Example: A loop that looks up stuff in a dictionary, where each hashed entry points to a linked list of 1-10 elements. Missing the first element in the linked list cause all subsequent loads to stall and sit dead in the queue, if the same happens on the same second iteration of your loop you're quickly running out of LS queue slots. With A global scheduler, you schedule the first load for execution The subsequent dependent loads would then sit idle in the ROB until the first load completes. The outer loop would grind on, because traversing each hash slot is independent and we have plenty of ROB ( ~200 )entries to keep things going.

Unless there is a shit ton of LS queue entries, I'd expect Zen to have pathological cases where Intel beats it handsomely.

Cheers

My understanding is that the ROB is a pretty bare-bones structure in the most recent high-end cores with just tracking status.
The allocation and rename stage that would get the rename register and LS entry, which would be in-order and prior to the scheduling stage.
How would the scheduler portion of the pipeline be able to block dependent loads from taking up space when their resources are allocated earlier in the in-order portion of the pipeline? Given that it's a pipeline and the back-pressure is unpredictable, it may also be a variable amount of time before it would be known if the first load missed the cache.

Gubbi · Dec 15, 2016

3dilettante said:
How would the scheduler portion of the pipeline be able to block dependent loads from taking up space when their resources are allocated earlier in the in-order portion of the pipeline?
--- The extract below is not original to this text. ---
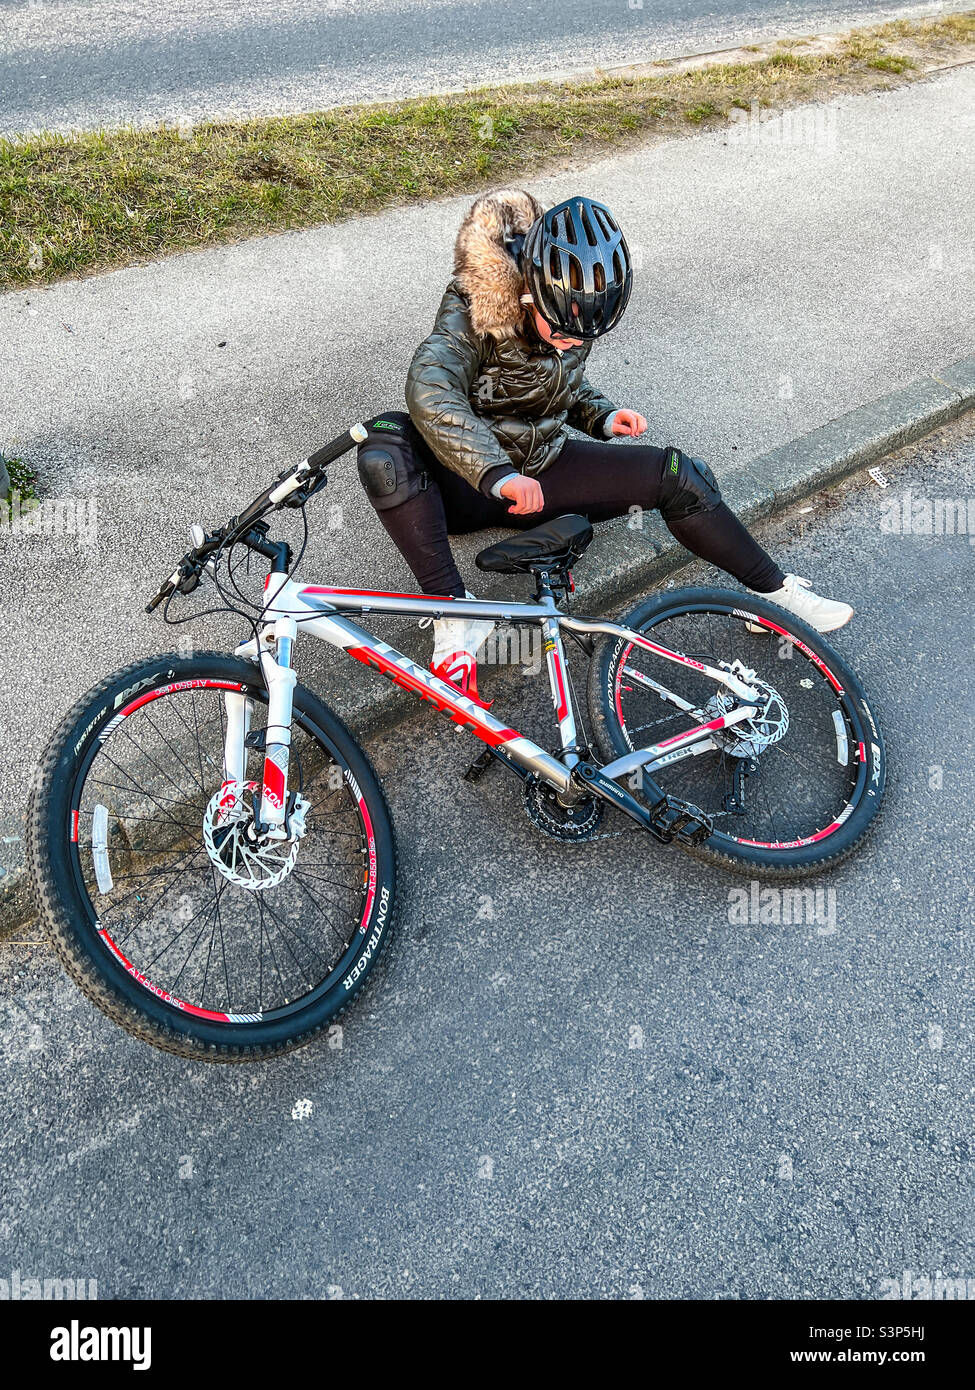 Bike fallen immagini e fotografie stock ad alta risoluzione - Alamy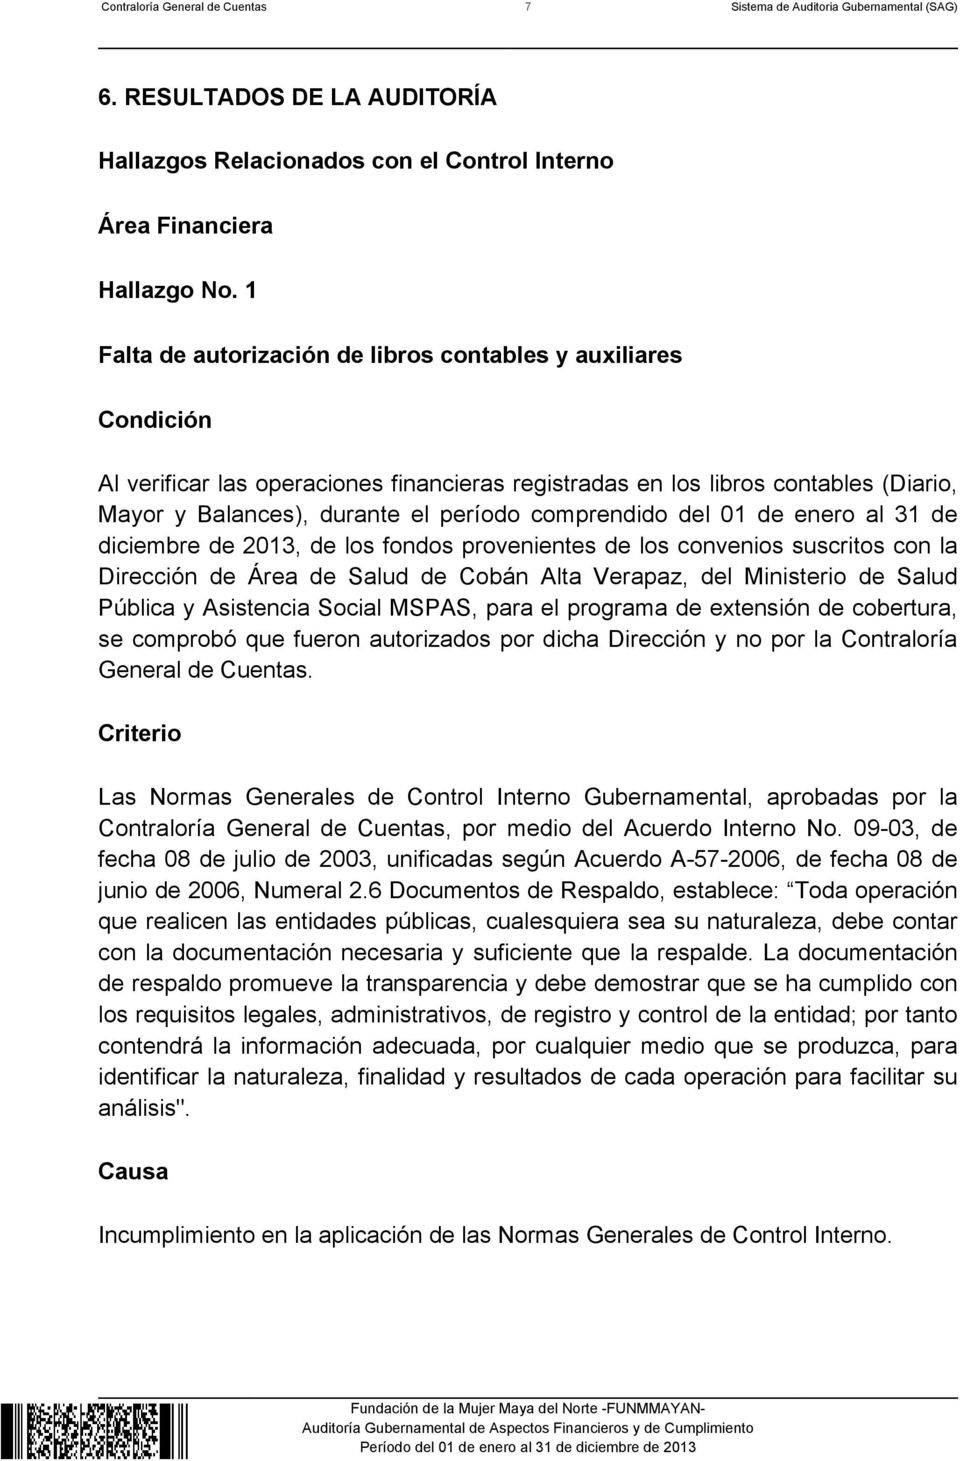 comprendido del 01 de enero al 31 de diciembre de 2013, de los fondos provenientes de los convenios suscritos con la Dirección de Área de Salud de Cobán Alta Verapaz, del Ministerio de Salud Pública

The dependent loads takes up space in the ROB (and has renamed register resources attached). The dependent loads arent' dispatched to an execution port until its operands are ready. ROBs are big nowadays, so they can sit around for a while without blocking anything.

Without a ROB, you have per execution unit scheduling queues. So you replace your 200 entry ROB in your ten execution unit CPU with ten scheduling queues each with 20 entries. Instructions are now stuffed in these queues right after fetch/decode/rename. With two LS units, you are now limited to having 40 loads/stores in flight at any one time, where before, you were effectively limited by the ROB size.

So the scheduling queues needs to be deep, because filling any one up will halt the machine.

Cheers

itsmydamnation · Dec 15, 2016

Gubbi said:
The dependent loads takes up space in the ROB (and has renamed register resources attached). The dependent loads arent' dispatched to an execution port until its operands are ready. ROBs are big nowadays, so they can sit around for a while without blocking anything.

Without a ROB, you have per execution unit scheduling queues. So you replace your 200 entry ROB in your ten execution unit CPU with ten scheduling queues each with 20 entries. Instructions are now stuffed in these queues right after fetch/decode/rename. With two LS units, you are now limited to having 40 loads/stores in flight at any one time, where before, you were effectively limited by the ROB size.

So the scheduling queues needs to be deep, because filling any one up will halt the machine.

Cheers

Im just a simpleton so you will have to humor me

Sounds like you think the mapper doesn't have any feed back loop from the execution units or intelligence, why? if the mapper knows that a uop has stalled in a queue ( better doesn't issue to a queue until data is in the RPF) it just doesn't schedule the dependent instructions they just sit in the retire queue /PRF until ready. The mapper is the interface between disbatch the per lane schedulers and the retire queue it should have all the interfaces into what it needs to globally track that kind of stuff.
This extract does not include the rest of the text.